Readers and writers need to know that there are different text forms and that these are generally characterised by a particular structure and certain other features. Forms such as stories, recounts, reports, procedures, arguments, explanations, varieties of poetry, and plays all have characteristic structures and features that are linked to their different purposes. Students in years 5 to 8 need to know about the structures and features associated with each of these text forms.

The characteristic features of any text form (which can be used to identify the form of a text) are likely to include specific structural and language features and may include specific kinds of content, vocabulary, and/or surface features.

This syndicate had evidence that many of their students were not aware of the purpose of an explanation and lacked basic knowledge of the structure and features of this text form, which was one that they needed to be able to read and write in more than one subject area. The teachers decided that the school’s planning for a science fair could provide an authentic opportunity to teach the information and develop students’ awareness of explanations.

When planning our science, social studies, or technology topics, we always look for ways of extending our students as readers and writers. For the science fair, they had to explain their experiments and discoveries clearly, and we confirmed, from their first attempts, that they hadn’t yet learned to do this. So we found some examples of scientific explanations at the right reading level and explored these with the students during shared and guided reading, to identify the features of explanatory texts. Then, during writing, we explicitly taught them how to write up their scientific discoveries and explanations using the reading texts as models. The judge of the science fair specifically commented on how clear our students’ written explanations were.
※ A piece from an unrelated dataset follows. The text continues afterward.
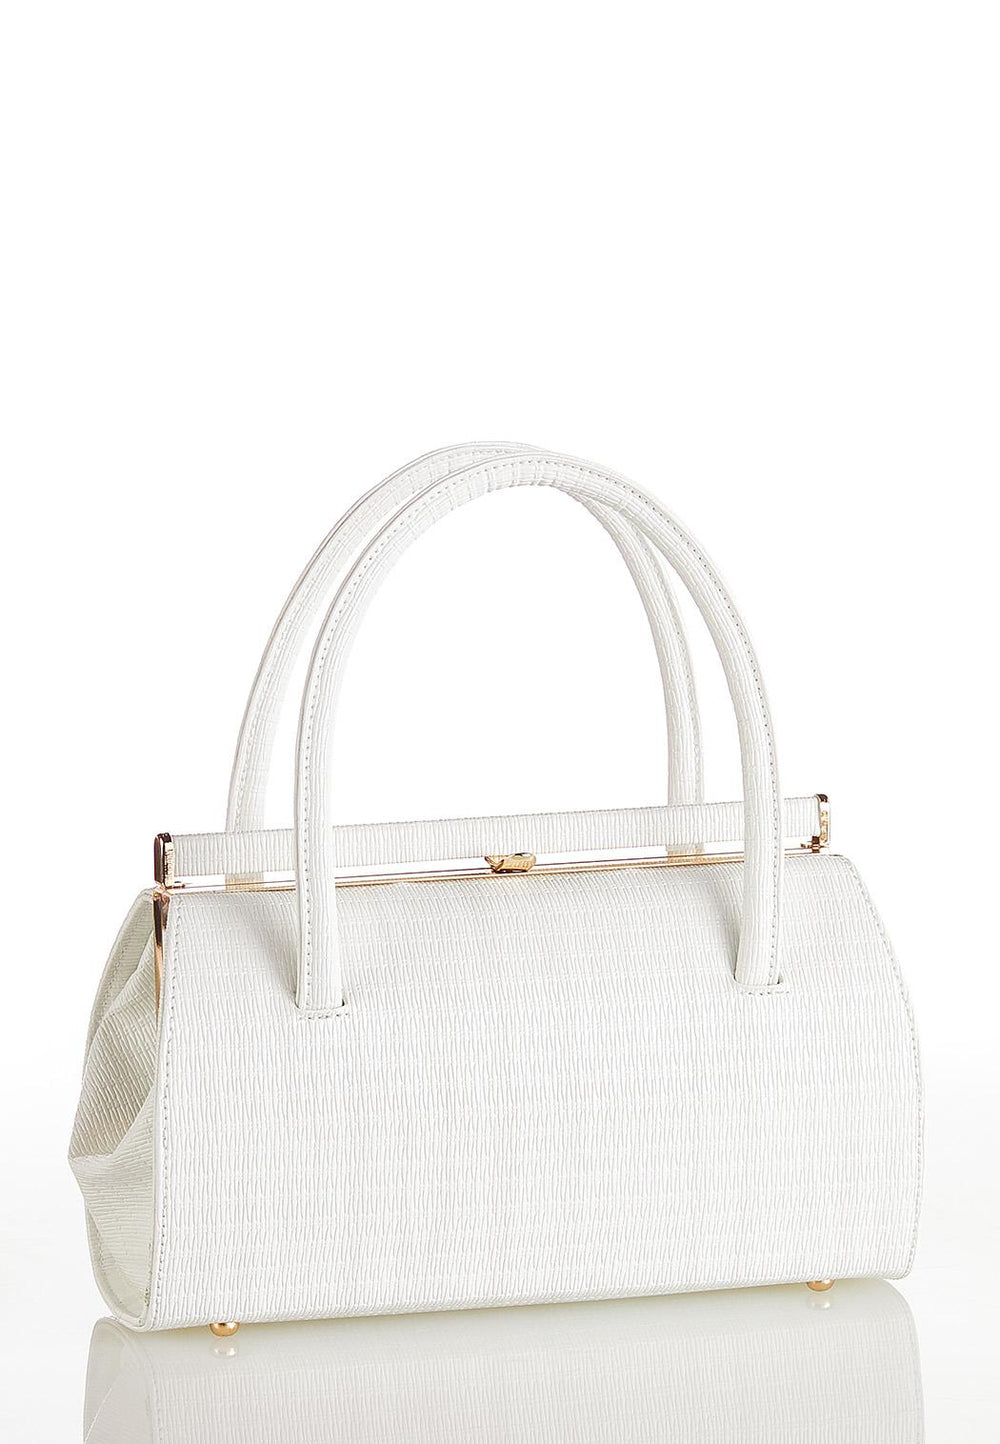 cato fashions handbags - Online Discount -

Syndicate leader, years 7 and 8

Students also need to know that the features usually associated with one form can often be effectively used in another, depending on the purpose for writing. Poetic vocabulary and selected imagery, for example, can be used to increase the impact of a report or an argument.

While every text has meaning and purpose, each writer or reader composes or interprets each text by drawing on their own unique life experiences and perceiving through their particular cultural lens. As readers, they learn to think about the writer’s intention and viewpoint (as well as their own viewpoint); as writers, they have to think about their intended audience in relation to the viewpoint that they wish to convey.

Through their experiences of reading and writing texts, learners build up a first-hand knowledge base that helps them to develop the theoretical knowledge described above. With the teacher’s guidance, they learn to make connections between texts, both at surface level and at deeper levels. Each new text experience gives them access to new knowledge, which then becomes part of their background experience.

Effective teachers encourage their students to articulate their knowledge about what they are doing in reading and writing. This builds their metacognitive awareness of how written language works. They need to be able to describe, for example, why they believe that the simile they choose to use in a poetic text might have more impact on the reader than a list of adjectives.

In the years leading up to secondary school, it is important that students develop the kind of reflective and analytical perspective on literacy that will, increasingly, enable them to think critically about language, texts, and ideas.